During the festival, I had expressed over on my Twitter account how outstanding the short film entries had been for 2018. The submissions were of such a high professional standard that the festival’s team made the decision to split this year’s competition up into two parts so that the work of each filmmaker could be experienced and appreciated on the big screen. The short films featured all competed for the prestigious Melies D’Argent award through Abertoir’s inclusion in the European Fantastic Film Festivals Federation with the competition’s overall winner earning a place in the final lineup of one of the major European festivals. The fate of the winner remains firmly in the hands of the Abertoir audience scoring each film individually out of 10. The competition was fierce, and it was no easy feat to distinguish between them.
Personal favourites included Spanish, sci-fi/drama Caronte for it’s out of this world production values and heart-warming story, Alberto Corredor Marina’s Baghead, which has a full review available on the site, the gradual creep-fest that is Santiago Menghini’s Milk, the surreal but brilliantly executed animation, Sunscapades, a snapshot of grief combined with emotional horror in Al Lougher’s The Dollmaker, the visually beautiful, La Noira, the genuinely unsettling, Post-Mortem Mary, the bonkers, Who’s That at the Back of the Bus by Philip Hardy and finally the winner of the Melies D’Argent award, the exceptionally gripping, Skickelsen.
Abertoir would not be Abertoir without celebrating one of the genre’s all-time greatest actors and the festival’s Patron Saint, the inimitable, Vincent Price. It has always been a festival tradition to screen one of Vincent Price’s iconic films and this years was The Last Man on Earth (1964). The film may be known to many as a precursor to, I Am Legend (2007) starring Will Smith. The screening received a live accompaniment from Dance/Electronic Musician duo, Animat who masterfully performed the score alongside the film, proving to be another special Abertoir experience.

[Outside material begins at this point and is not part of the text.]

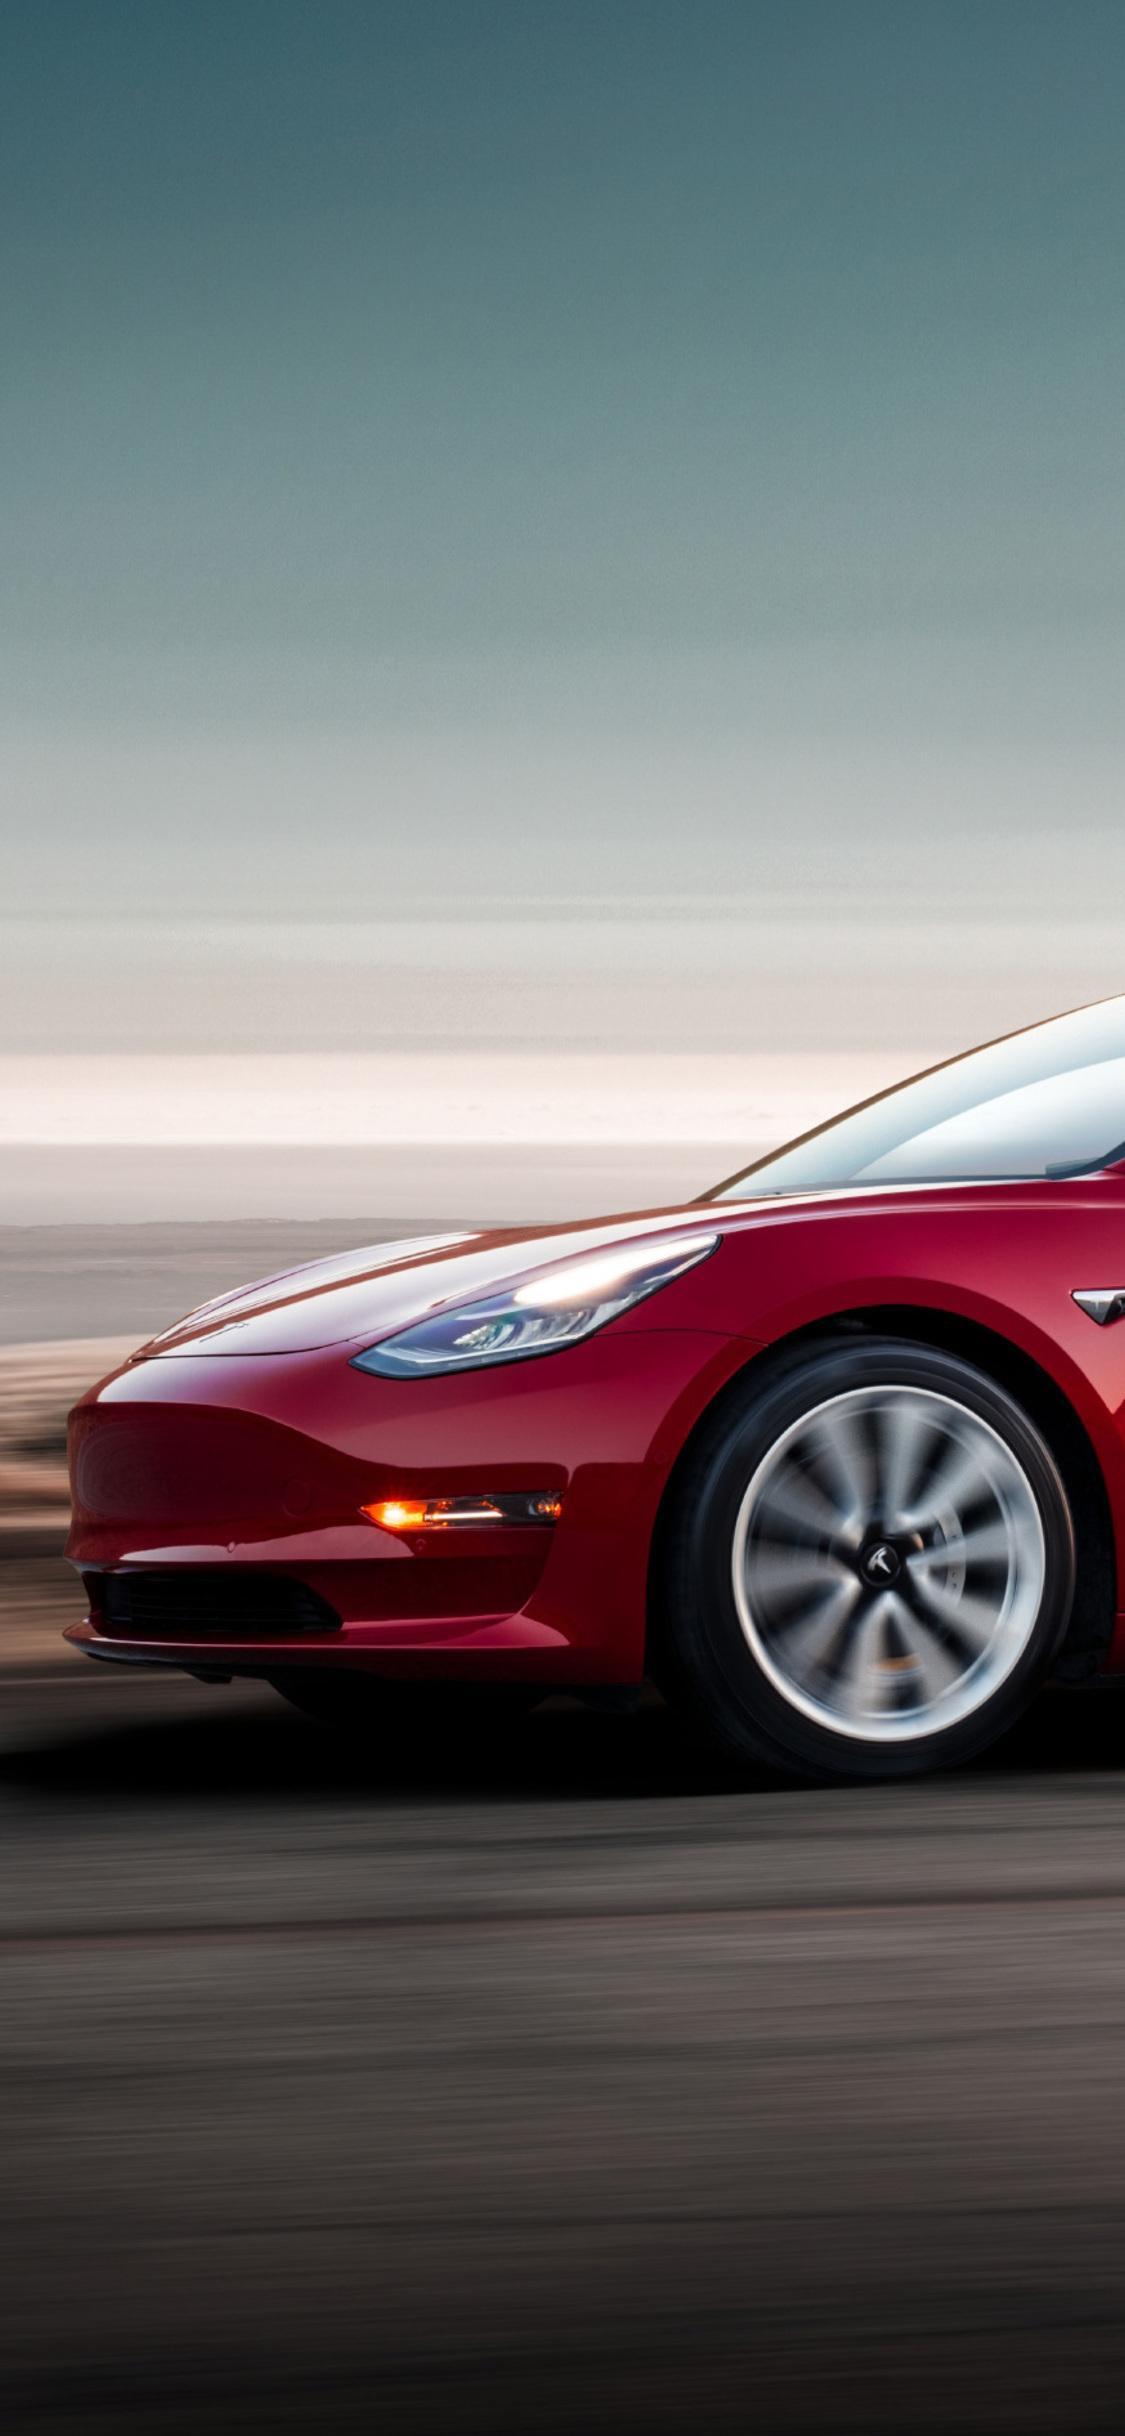 Tesla Model 3 Wallpapers - Wallpaper Cave

On the eve of its official Netflix release, the next feature to screen was, psychological, cyber terror, Cam (2018), a film so modern and relevant, it deeply resonated with the eagle-eyed Abertoir viewers who were discussing it long after the credits had rolled. I had previously reviewed Cam, following it’s screening at the Celluloid Screams Horror Film Festival, my full thoughts can be read here: https://lovehorror.co.uk/horror-features/welsh-demonesss-top-5-films-of-celluloid-screams-2018/
Following Cam, was the UK Premiere of Brazilian frightmare, The Black Forest. This film certainly takes its audience on an unexpected adventure, with its slow burn beginning transforming into a gory spectacle layered with dark magic and brutal imagery. Comparisons could easily be drawn to ‘The Evil Dead’ in terms of its plot and the outlandish trajectories it takes. The Black Forest was surprisingly engaging as well as entertaining. It’s a film that should be taken as it comes, and one that draws its audience in through its epic madness. One word of advice though, do not eat eggs if you intend watching this film!
Lastly for Day Three, Jess Franco’s Bloody Moon (1981) closed the festivities off on a high note. An obscure slasher entry and a Spanish/West German co-production, Bloody Moon is arguably one of Franco’s more accessible movies and wow, it certainly is a treat! The plot revolves around a languages school located in Spain where beautiful women are picked off one by one by a sadistic maniac. With it’s hilarious English dubbing, suspension disbelieving scenarios and strange musical score, it’s the kind of film most appropriate to enjoy amongst like-minded fans and possibly alcohol! One thing can sure be said, you won’t look at Mickey Mouse in the same light again!